Twenty patients received 67 fluid boluses. Fifty-two of the 67 fluid boluses administered resulted in fluid responsiveness. SVV achieved an area under the ROC curve of 0.512 [confidence interval (CI) 0.32-0.70]. A cut-off point for fluid responsiveness was found for SVV > or =8.5% (sensitivity: 77%; specificity: 43%; positive predictive value: 84%; and negative predictive value: 33%).

CONCLUSIONS

This prospective, interventional observer-blinded study demonstrates that SVV obtained by APCO, using the FloTrac/Vigileo system, is not a reliable predictor of fluid responsiveness in the setting of major abdominal surgery.

摘要

背景

据报道,食管多普勒监测引导下的液体管理可改善围手术期结局。每搏量变异(SVV)被认为是液体反应性的可靠临床预测指标。因此,本试验的目的是评估使用FloTrac/Vigileo系统通过动脉脉搏轮廓(APCO)分析测定的SVV预测食管多普勒测量的液体反应性的准确性。

方法

接受大型腹部手术的患者在食管多普勒监测引导下进行术中液体管理。在校正血流时间(FTc)降至<350毫秒时,给予250毫升的液体推注。患者连接到监测设备,通过APCO获得SVV。在给予液体推注前后记录血流动力学变量。液体反应性定义为每搏量指数增加>10%。

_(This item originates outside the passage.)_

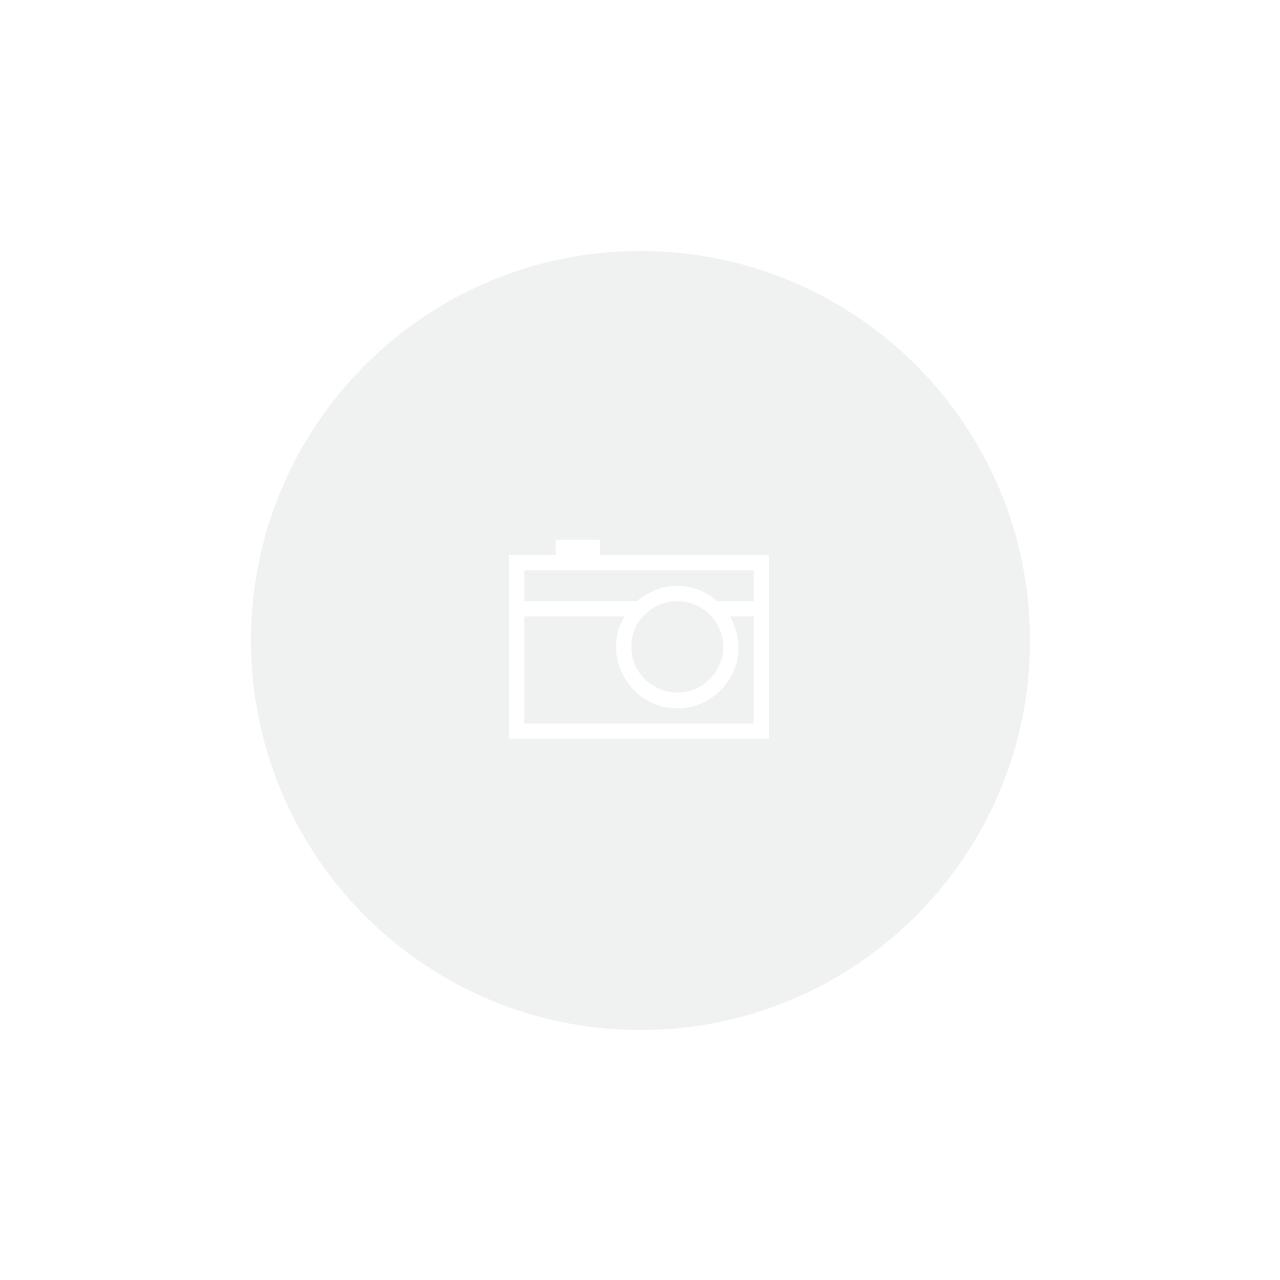 Relé de Estado Sólido Trifásico 40A - SSR3-4840
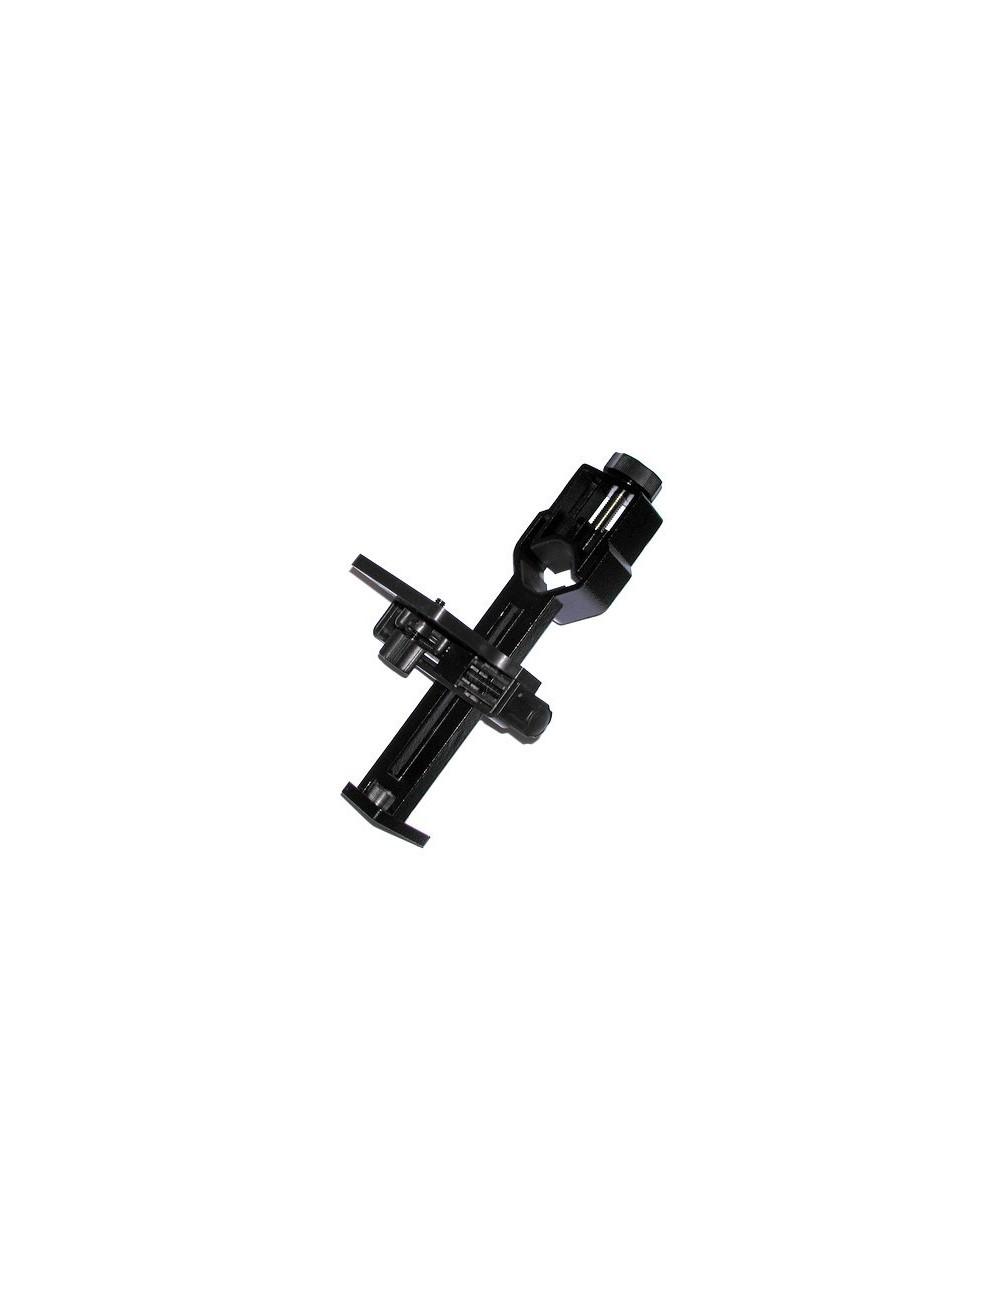 Adaptateur numérique universel 28/45 mm

通过计算受试者工作特征(ROC)曲线下面积评估SVV预测液体反应性的能力。

结果

20例患者接受了67次液体推注。67次给予的液体推注中有52次导致了液体反应性。SVV的ROC曲线下面积为0.512[置信区间(CI)0.32 - 0.70]。发现当SVV>或=8.5%时为液体反应性的截断点(敏感性:77%;特异性:43%;阳性预测值:84%;阴性预测值:33%)。

结论

这项前瞻性、介入性、观察者盲法研究表明,在大型腹部手术中,使用FloTrac/Vigileo系统通过APCO获得的SVV不是液体反应性的可靠预测指标。